参考資料3 対面により行われなければならない等とされている主な事例(第6回資料4)(PDF)

参考資料4 対面による販売の利点(生出構成員提出資料)(第6回資料7事例追加)(PDF) 

参考資料5 安全性確保のための具体的方策に関する法令規定(第5回資料4)(PDF) 

参考資料6 河野構成員提出資料(PDF)

 横浜国際社会科学研究 第17 巻第4-5 号に掲載された論文「医薬品販売規制制度の問題点─医薬品ネット販売問題を起点として─」。

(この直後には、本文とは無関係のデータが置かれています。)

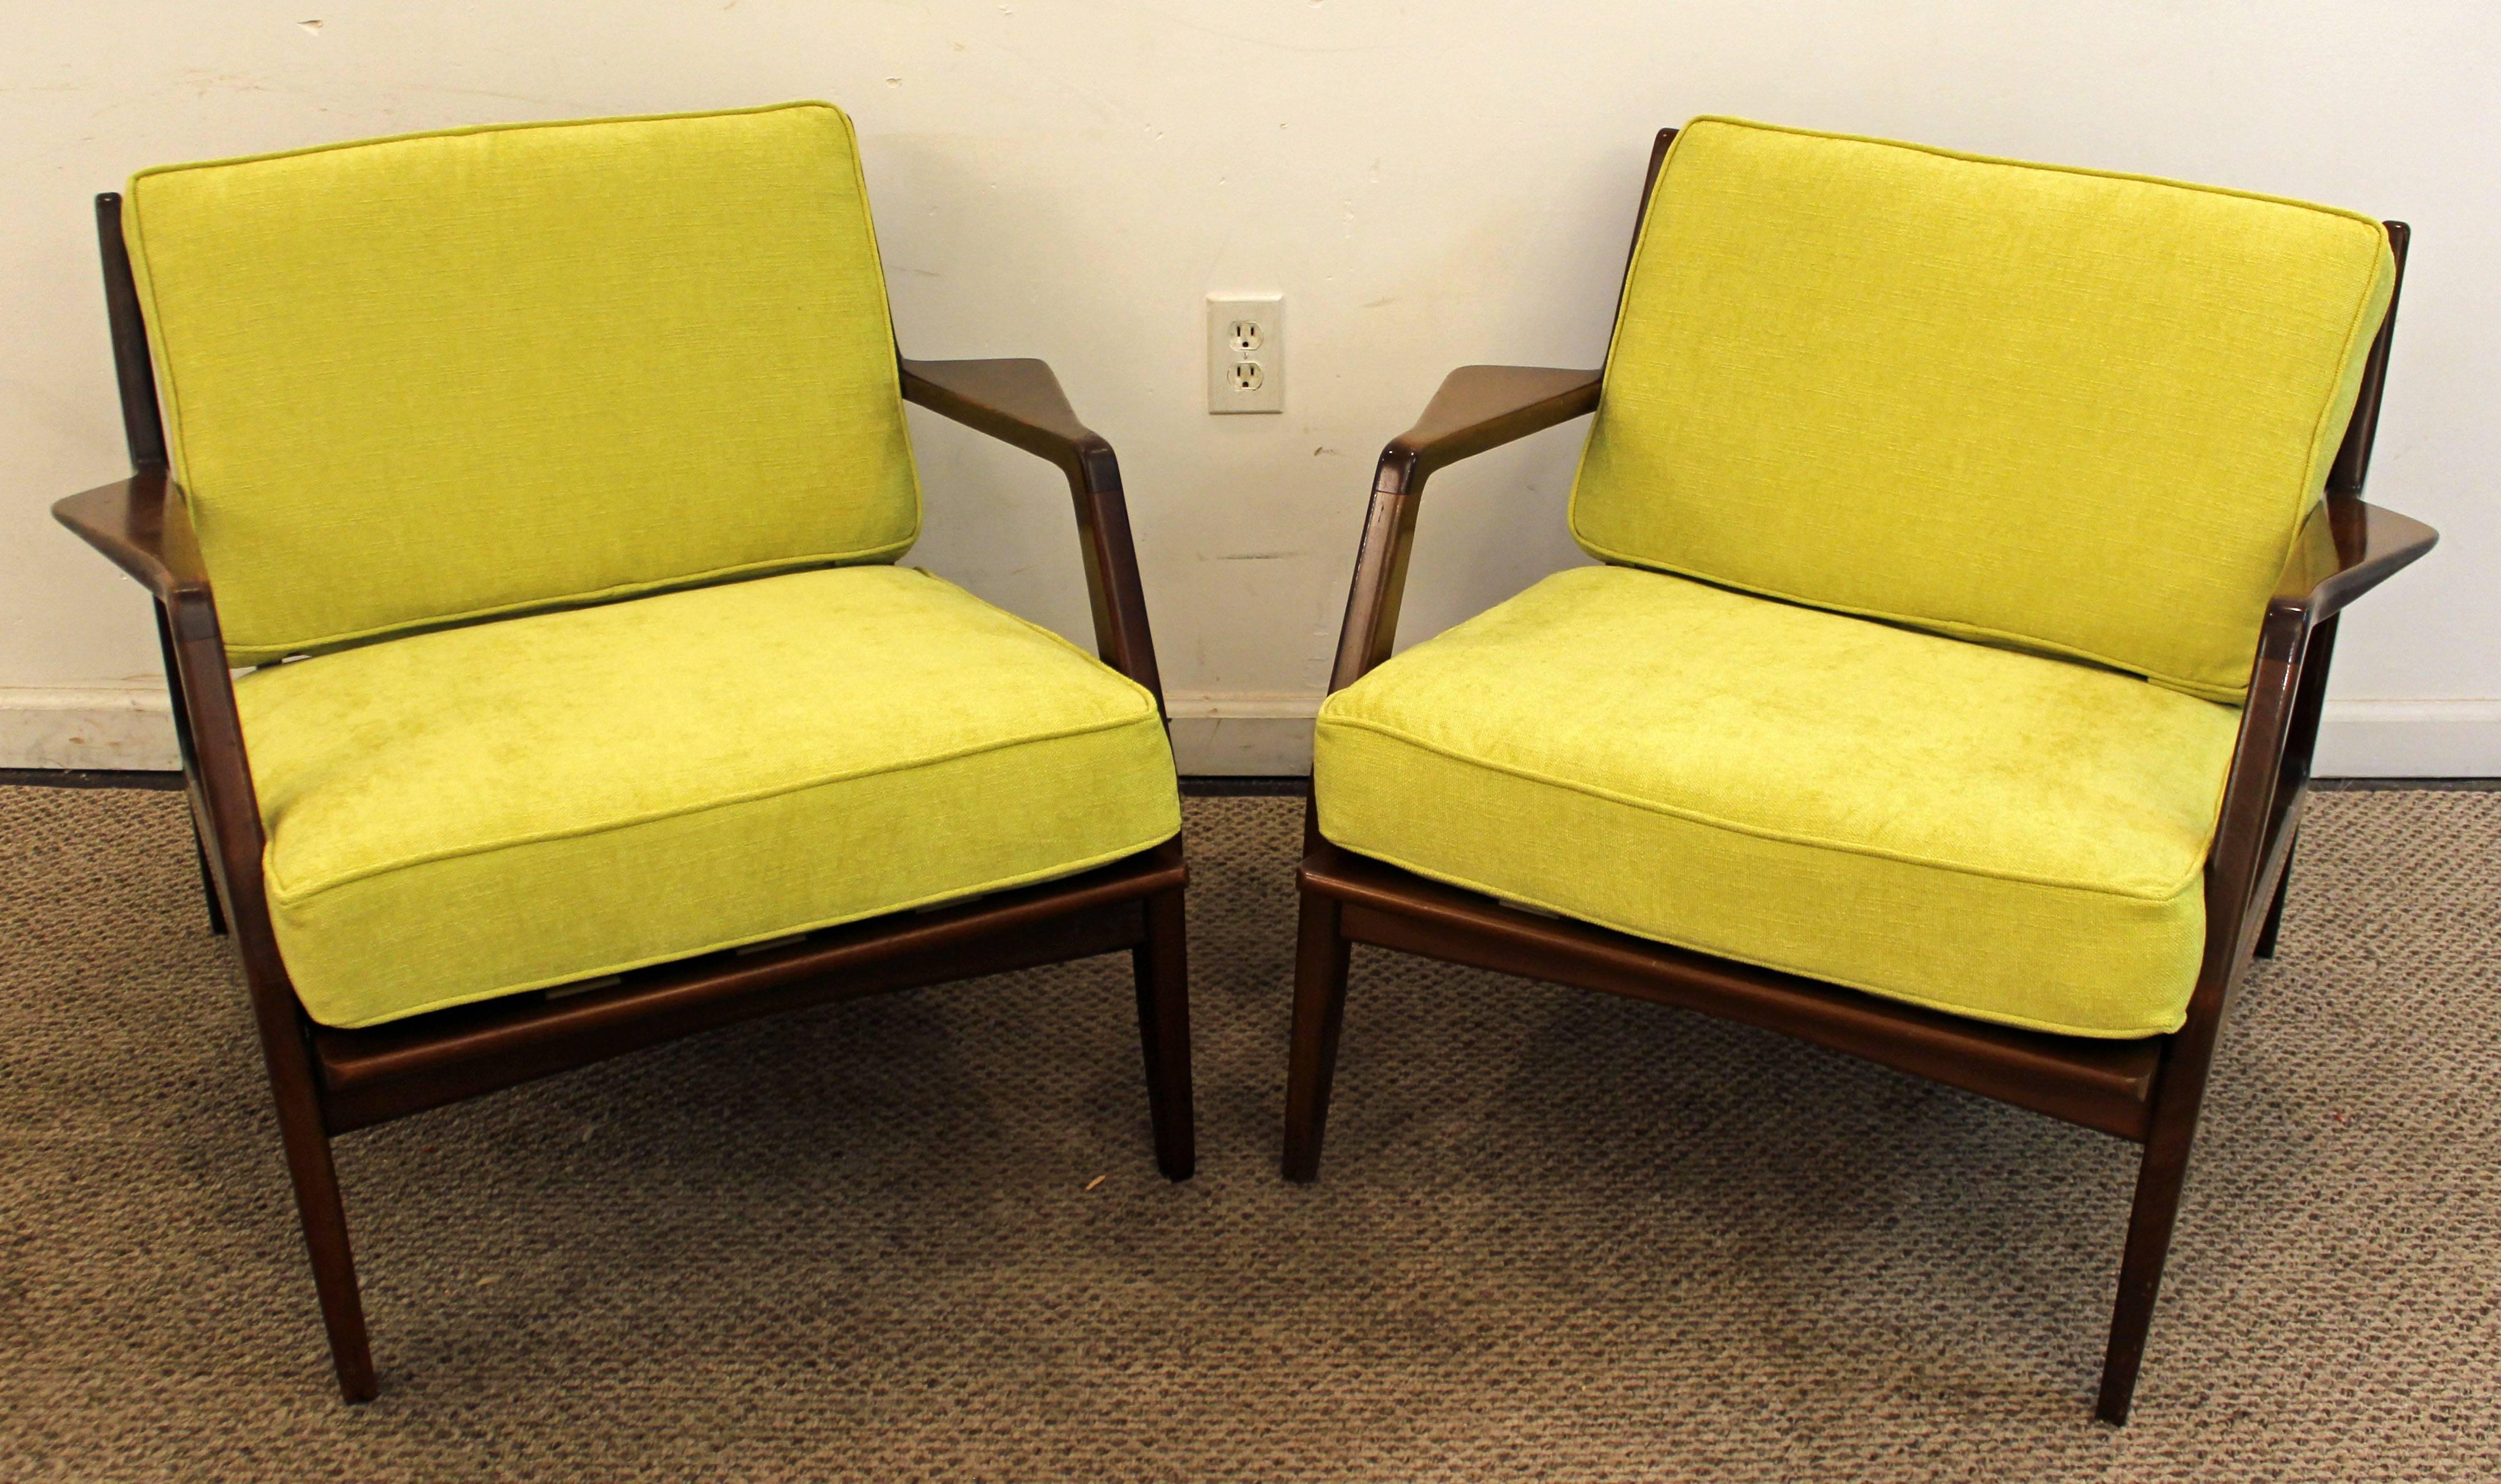 The set includes two open arm walnut lounge or accent chairs. They have been reupholstered with 'citron' fabric. We believe they may be earlier unsigned copies of IB Kofod Larsen chairs, but we are unsure. 

Measures: 30.5

 本サイトでも紹介した厚生労働科学研究(TOPICS 2012.03.22)などで海外事情をわかりやすく紹介したうえで、国民の保健衛生の向上のために適合させるための新たな規制のあり方について提言している。

参考資料7 後藤構成員提出資料(PDF)

  5月1日に、日本オンラインドラッグ協会がリリースした、「『教訓』としての薬事法違憲判決(慶應義塾大学山本龍彦准教授による意見書)」

 「郵便等販売禁止も、かつての適正配置規制と同じ業界保護立法ではないか、との批判を克服するには、立法者は、かかる「根拠」を示す必要がある」と指摘したうえで、「それができない限り、仮に郵便等販売禁止を法律レベルで定めたとしても、いずれS50 判決と同様のアプローチによって、最高裁で違憲と判断されることになろう。」とした。

参考資料8 野口構成員提出資料(PDF)

 一般用医薬品のネット販売における行政監視上の懸念事項について問題提起。

 オンラインオークション販売、 劇薬の販売や零売の取扱いをどうするのかを指摘。

参考資料9 國重構成員提出資料(PDF)

 オークション事業者の出品規約および監視業務について紹介

 インターネットオークションの問題が指摘されていますが、IHADAなどで行われていることは以前指摘しました。(→TOPICS 2012.08.13 コメント)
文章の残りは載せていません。